*What you are asked to do*:
In the entries below, find the line with "Naughty Dog explica" and the line with "The YoJo Show"; give again those lines and every line between them, exactly.

*Data in this exercise*:
*****

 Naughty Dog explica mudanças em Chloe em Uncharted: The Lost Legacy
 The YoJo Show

*****

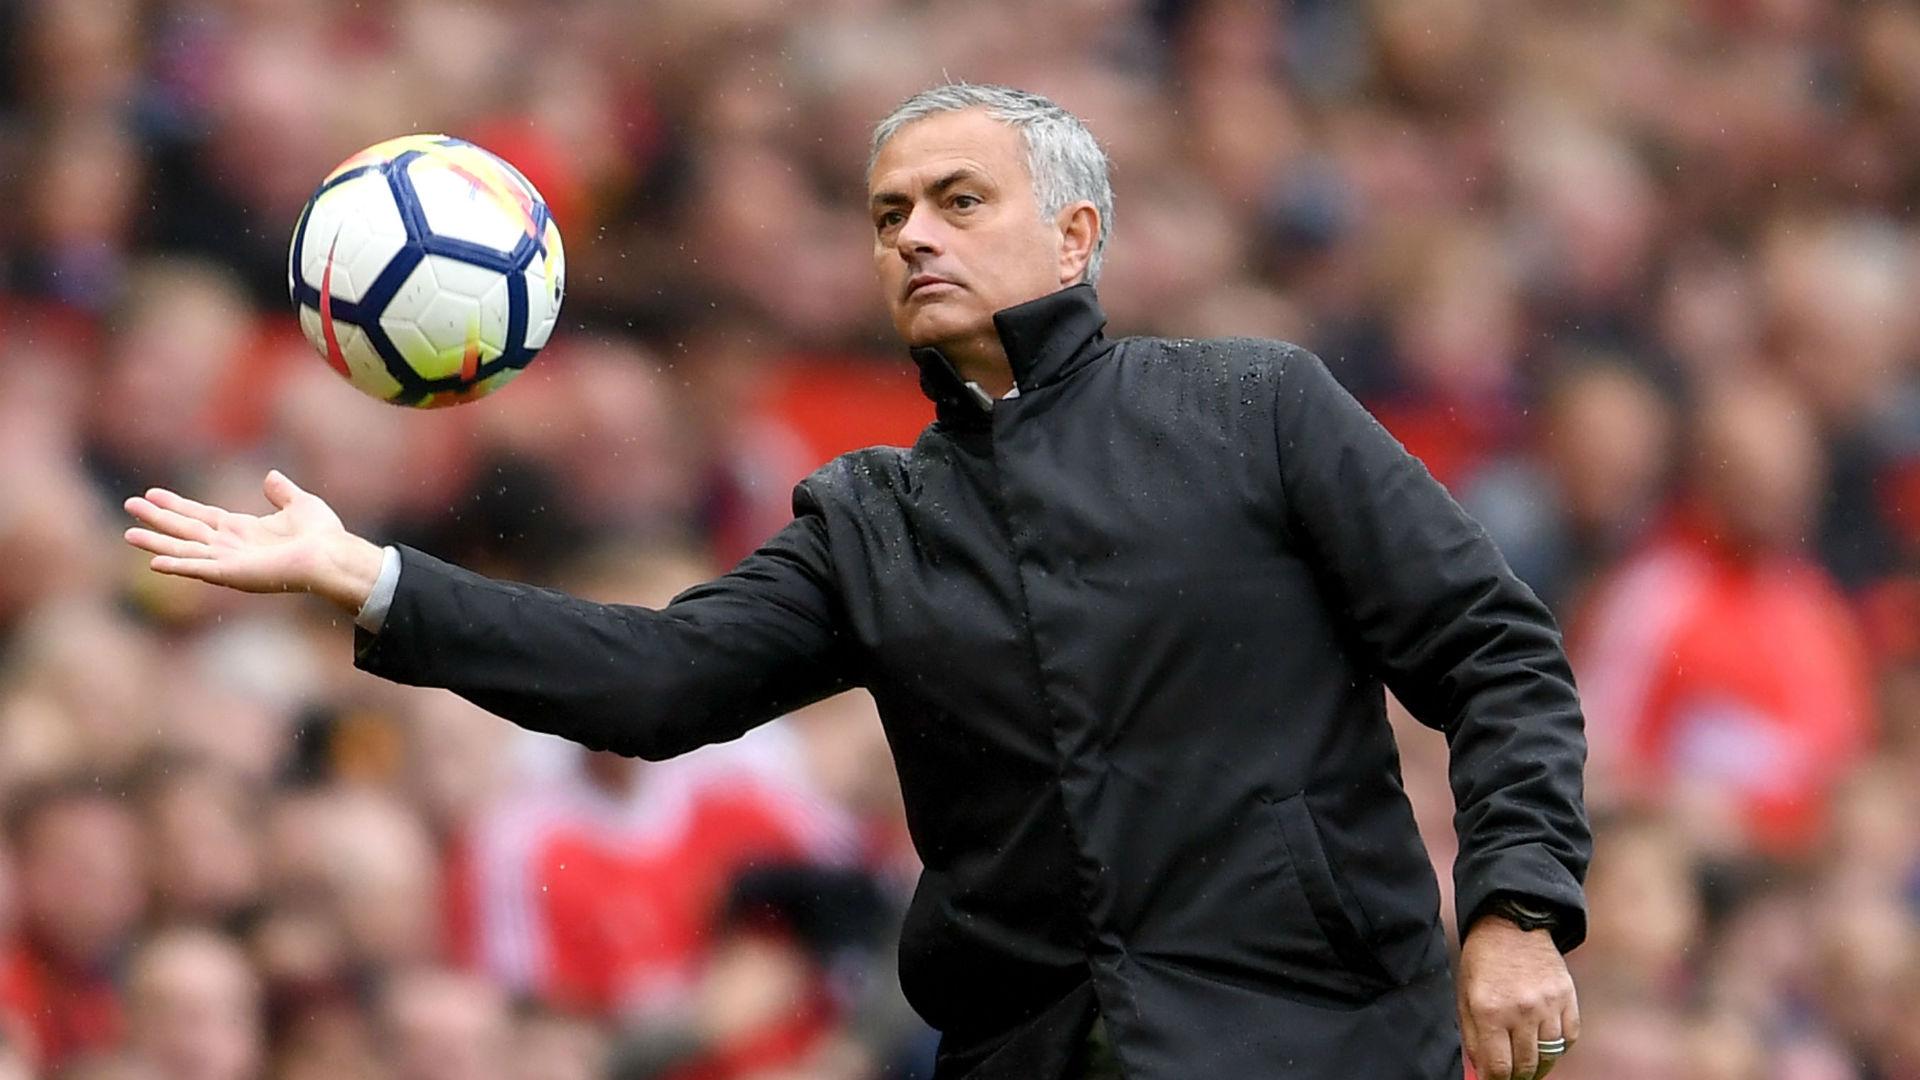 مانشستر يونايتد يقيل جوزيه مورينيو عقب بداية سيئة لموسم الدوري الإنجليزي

*****

*Task answer*:
 Naughty Dog explica mudanças em Chloe em Uncharted: The Lost Legacy
 The YoJo Show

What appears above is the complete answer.